CHAPITRE XXIII.
Conversion des Indiens à la foi.
LA lumière de la foi parut alors pour là première fois dans les Indes. Car comme la réputation de la piété, et du courage de l'Empereur s'était répandue par toute la terre, et que tous les étrangers avaient reconnu par expérience, qu'il leur était plus avantageux d'entretenir avec lui la paix, que de lui faire la guerre, ils entreprenaient de grands voyages, soit par pure curiosité, ou par le désir de trafiquer, et de s'enrichir. Un Philosophe natif de Tyr, fit le voyage des Indes avec deux de ses neveux, et après avoir contenté sa curiosité, il remonta sur mer, pour retourner en son pays. Le vaisseau sur lequel il était, ayant été obligé de prendre terre, pour faire eau, les habitants fondirent dessus, noyèrent quelques-uns des voyageurs, et prirent les autres prisonniers. Le Philosophe fut tué ; ses deux neveux, dont l'un se nommait Edése, et l'autre Frumentius, furent menés au Roi, qui ayant reconnu leur esprit, et leur suffisance, leur donna l'Intendance de sa maison. Que si quelqu'un fait difficulté d'ajouter foi à ce que j'écris, je le prie de rappeler l'Histoire de Joseph, dans sa mémoire, et de considérer la grandeur du pouvoir, qu'il exerça en Egypte, et de se souvenir pareillement de Daniel, et des trois jeunes hommes de Babylone, qui devinrent Ministres d'Etat, après avoir été esclaves. Le Roi étant mort, ils possédèrent un pouvoir plus absolu sous le règne de son fils, qu'ils n'avaient fait sous le sien. Comme ils avaient été élevés dans la Religion Chrétienne, des Marchands Chrétiens qui trafiquaient dans le pays 159 leur proposèrent de s'assembler, et de célébrer ensemble les saints mystères.

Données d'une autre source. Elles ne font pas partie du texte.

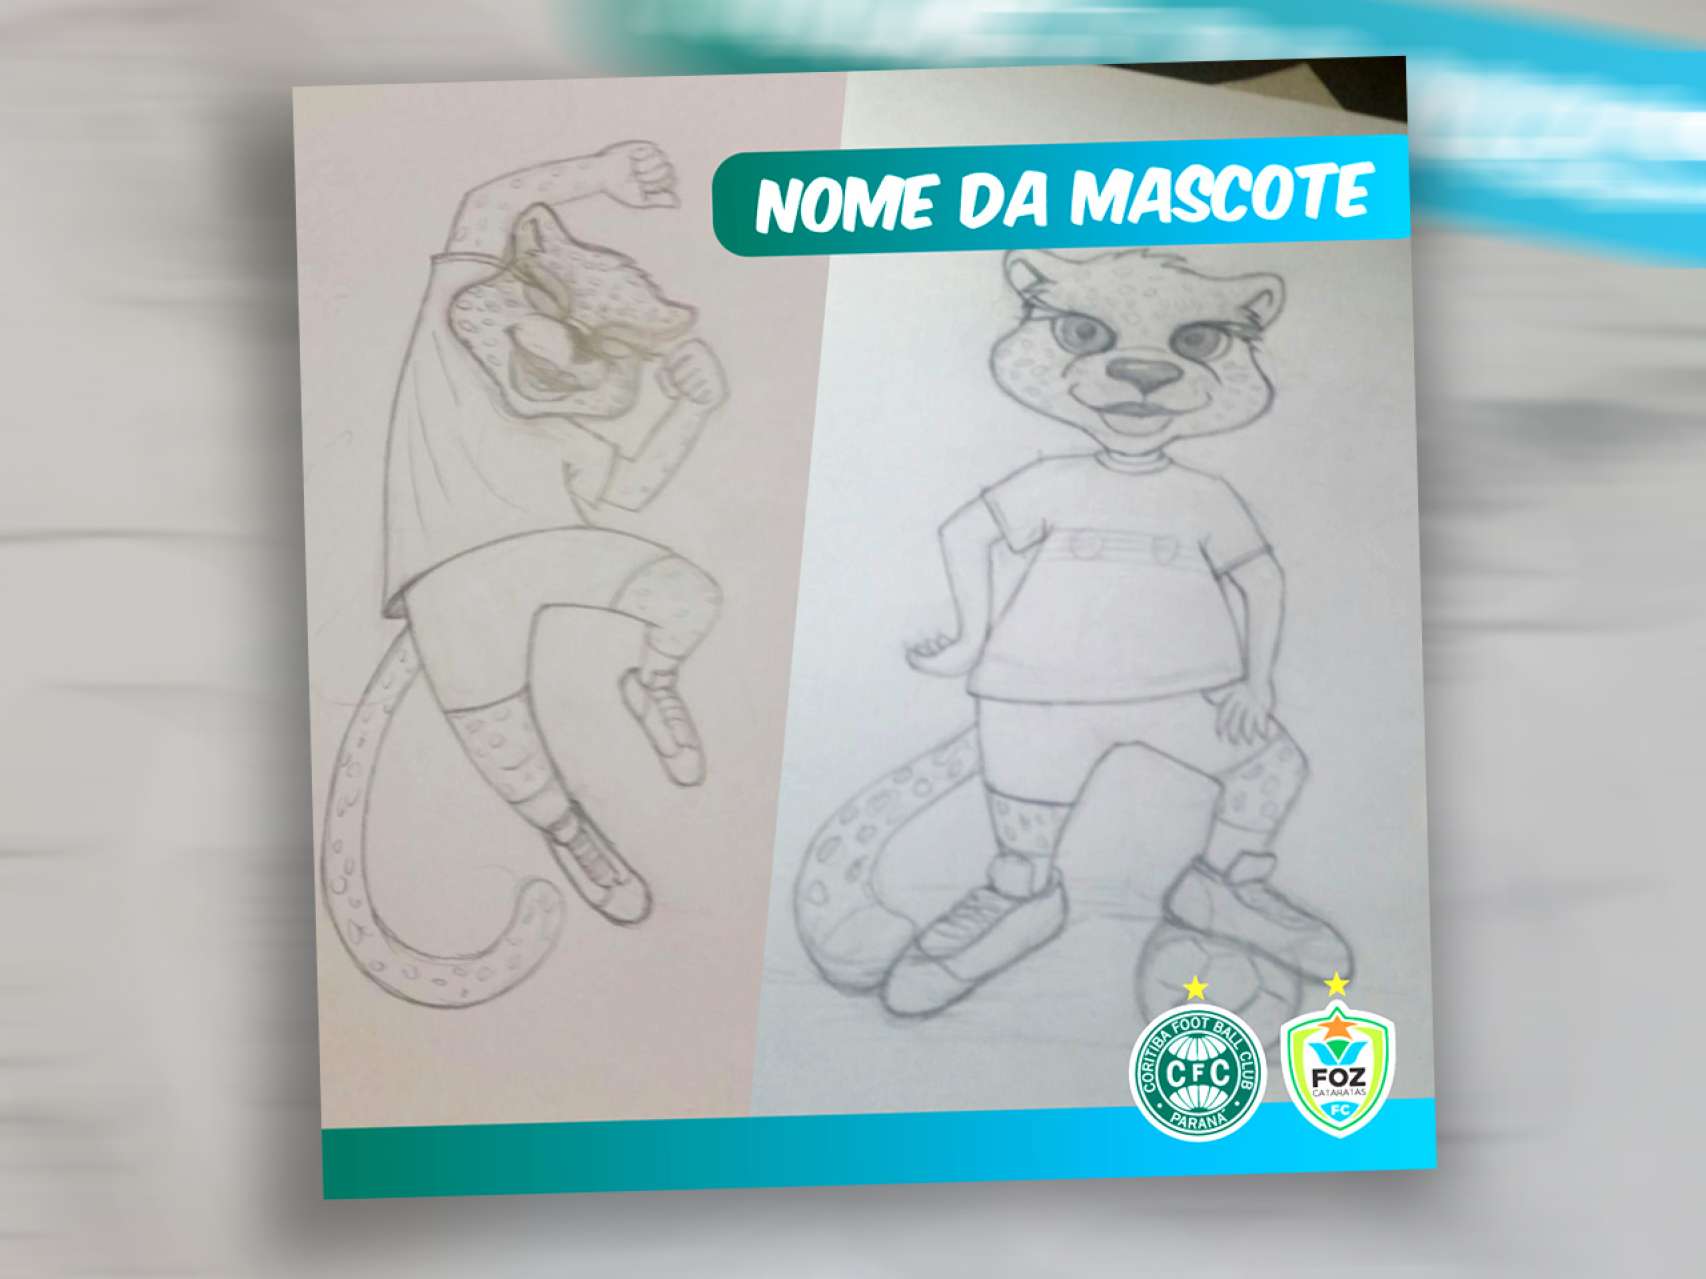 Escolha o nome da mascote do Foz Cataratas/Coritiba

Longtemps après, ils demandèrent au Roi pour récompense de leurs services, la permission de retourner en leurs pays Quand ils l'eurent obtenue, Edése retourna à Tyr, mais Frumentius préférant la piété à la tendresse naturelle qu'il avait pour ses parents, alla à Alexandrie, et informa Athanase Evêque de cette Ville, de l'ardeur avec laquelle les Indiens souhaitaient d'être éclairés de la lumière de la foi. Qui pourrait mieux que vous, lui dit ce saint Évêque, porter cette lumière à ces peuples, et dissiper les ténèbres de leur ignorance ? Lui ayant conféré la grâce du Sacerdoce, il l'envoya pour leur prêcher l'Evangile. Il partit de son pays, et passa sans crainte, cette vaste étendue de mer qui sépare de cette nation, qui était encore sauvage, et il la cultiva avec tant de soin, qu'il la rendit capable de porter des fruits d'une véritable piété. Il confirma sa doctrine par des signes extraordinaires, et convainquit les esprits les plus rebelles par des miracles semblables à ceux des Apôtres.